Was talking earlier with a blogger friend. She would like me to guest blog on her blog. I won’t disclose the topic because I haven’t written it yet. I hope to work on it later today once I get some ideas on it. I am honored that she wants me to do this. I hope what I write will be good!

We talked about my editor and the book. She read the book of course and had some good suggestions for it, though I really like the way the book is haphazard. She wanted me to be more linear and frankly, I don’t like being linear. Which is ok because she liked the book anyway. I just hope that it’s good enough to sell or at least have a few sales anyway. I have the opportunity to have my book presented at the AAS conference, if I get this thing published on time. AAS is the American Association of Suicidology where I sometimes blog. I am part of the founding members of their suicide attempt survivors blog. I have a piece that I wrote that I am waiting to hear back on.

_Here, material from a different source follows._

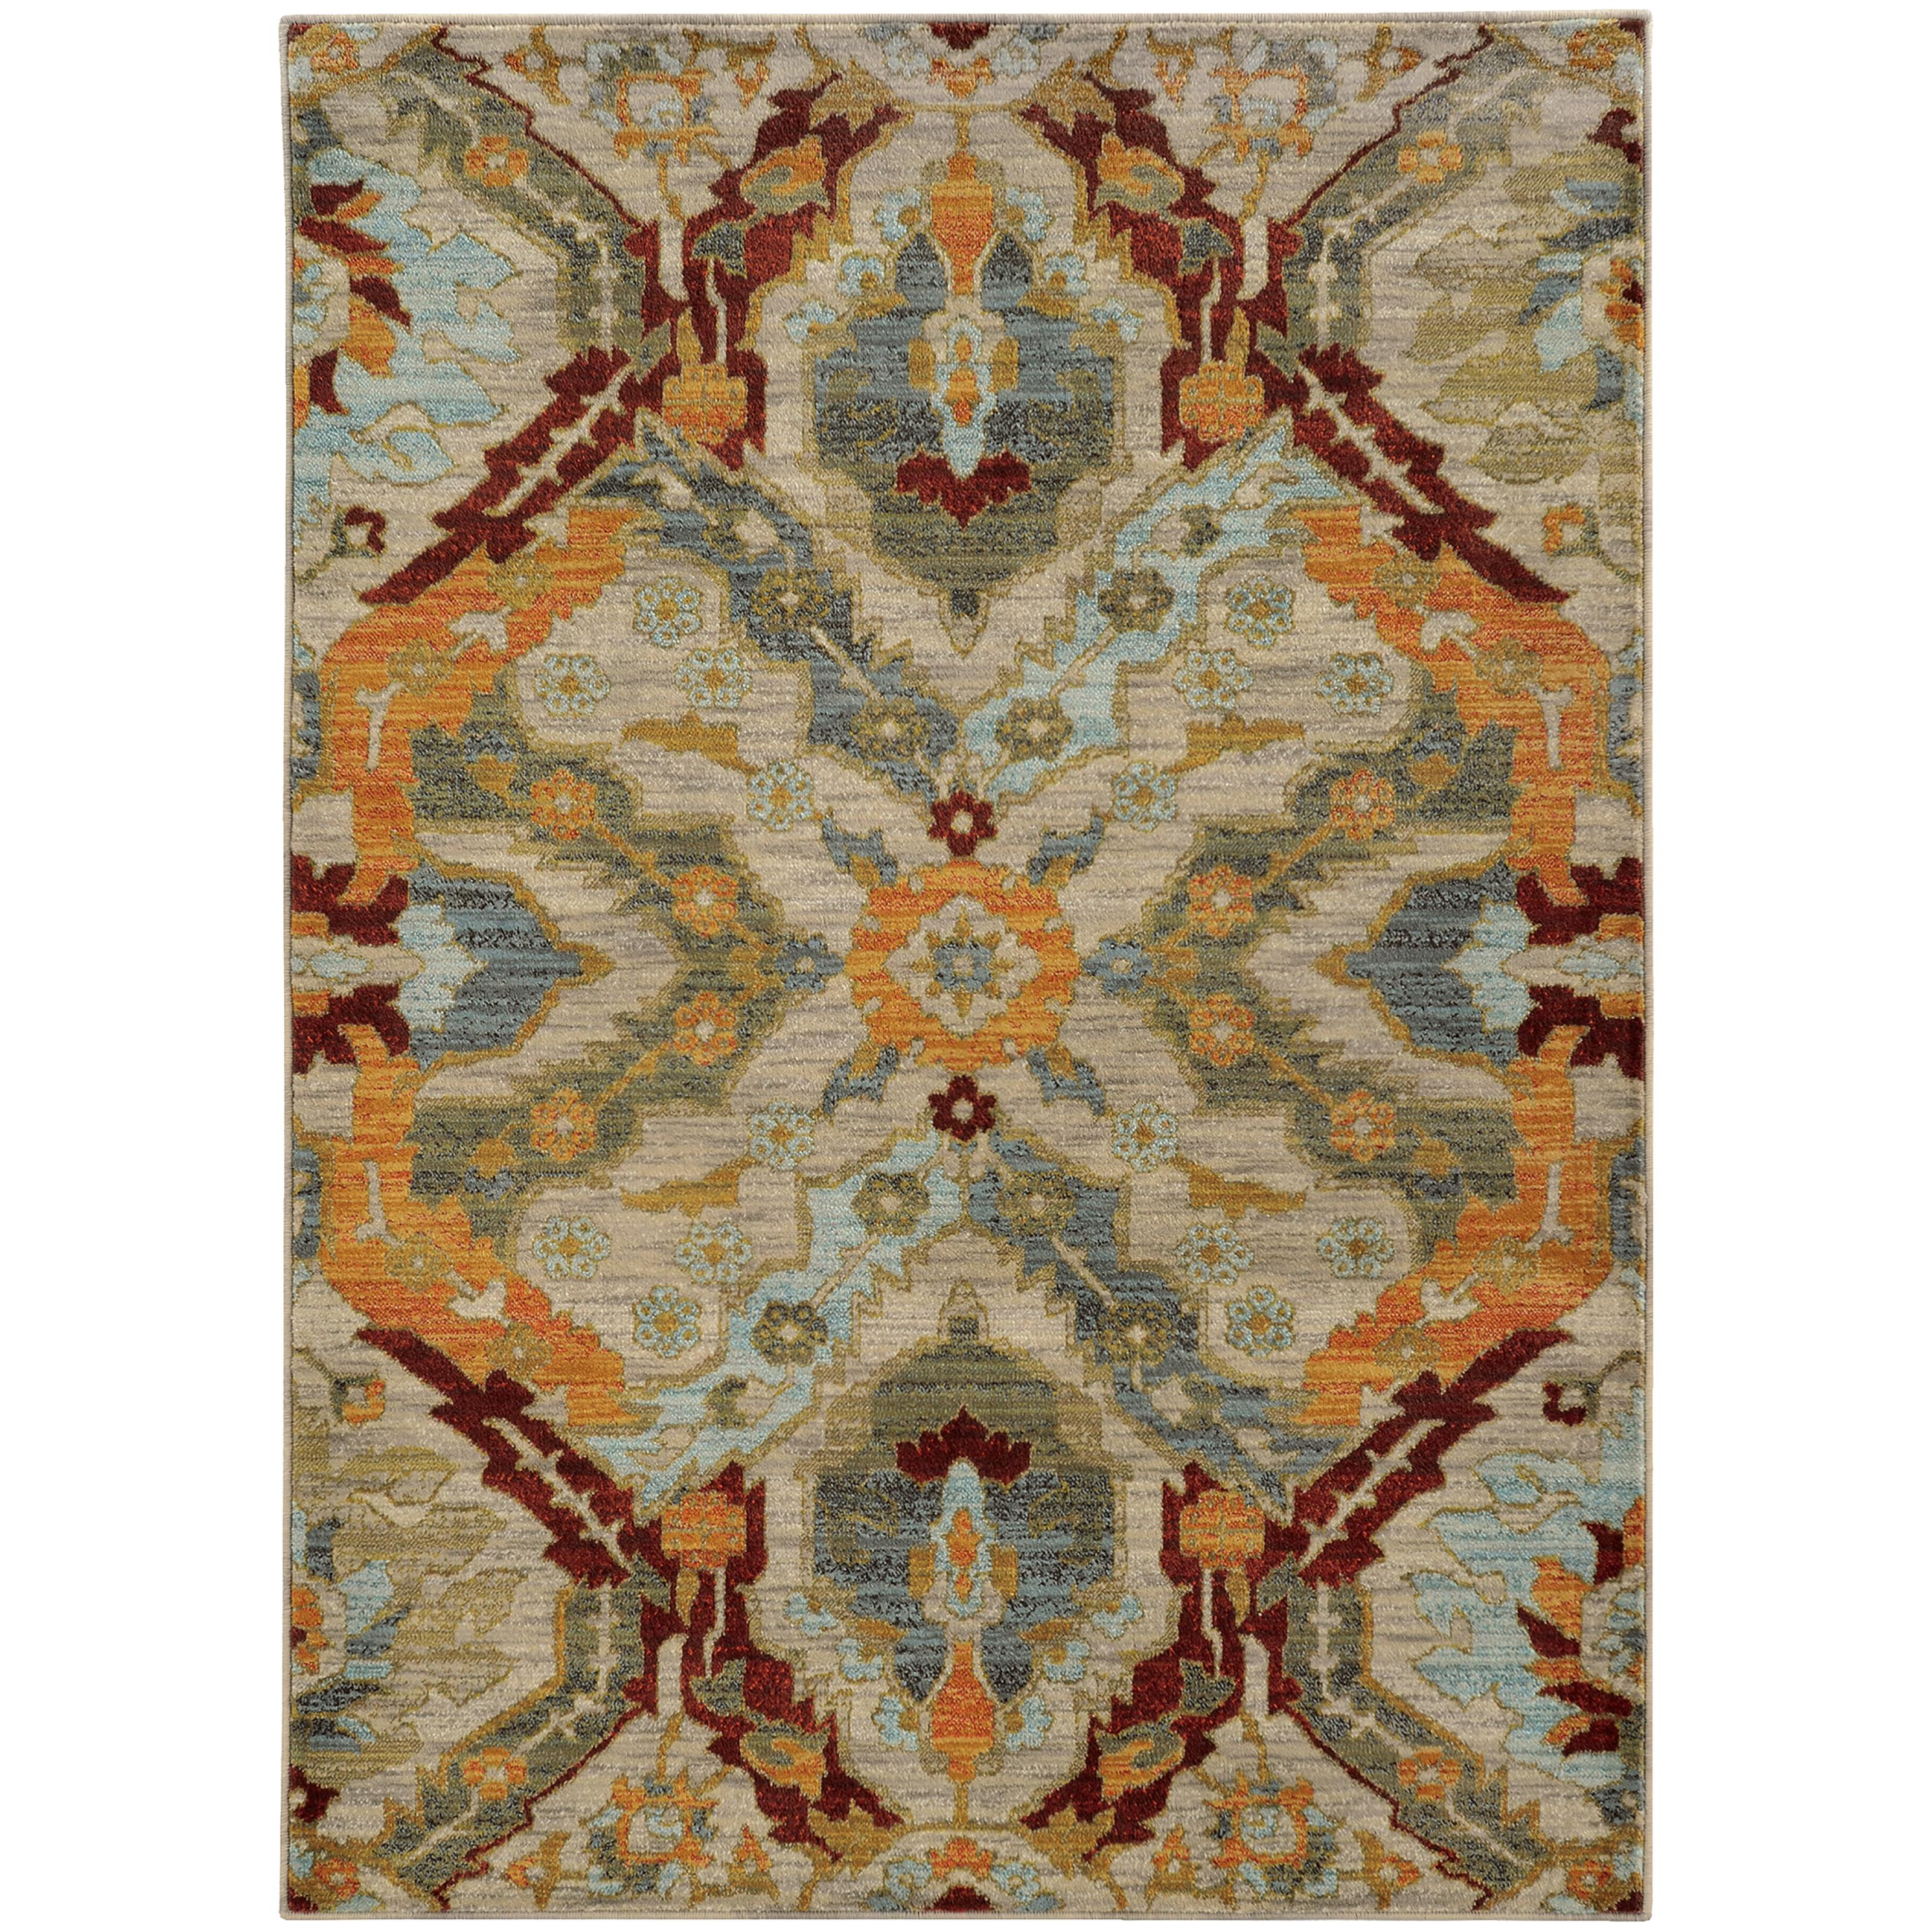 "Sedona 3'10"" X  5' 5"" Rug by Oriental Weavers at Novello Home Furnishings"

Lately I have been feeling out of sorts and I don’t mean this cold that I got. In Jan of 2013, I got myself refitted for my claddaugh ring. It was a writing reward to myself and all the hard work that I had done with my writing partner, starting this blog, and working with the AAS to help finagle the inner workings of their blog. It’s been more than a year and for that year I never took the ring off my finger. Now I find that I am leaving the ring off more and more. Granted part of the reason is that because of arthritis, my hand swells, making the ring uncomfortable. My weight has been stable so I know it is not because of gaining. But now I find myself losing interest in it like I have so many things lately. Today I looked at my hand and realized I wasn’t wearing it and almost panicked because I couldn’t remember the last time I did wear it. It is more than just a piece of jewelry to me. It is a piece of accomplishment and I feel like it is slipping off my finger, so to speak. All that I have worked for this past year just feels like it was all for nothing and I don’t know why I feel this way. I don’t know if it is because of the depression that I am under or if I am truly just a nothing, a nobody. I just feel lost again and am wondering if I will be found. Sure my blog is doing well. I watch the stats closely because I am a geek. Could it be better, probably. But that doesn’t change the way I feel about the ring on my finger that once meant something to me. Most days I don’t wear it. It fits, sometimes a little snuggly, sometimes a little loosely. Other times it is a tight fit. Guess you can say it all depends on my hand’s mood. When I do wear it, I hardly notice it. It has now become a part of me, a part that I am losing. And I am not sure I can get it back.

I know most of the feelings of being a nothing and a nobody is coming from my father. This week has been difficult because it is an anniversary week. I think this is the first time in 23 years that I have had to deal with my father in the same week. He is a toxic parent and I don’t know how to cope with it, even after all these years.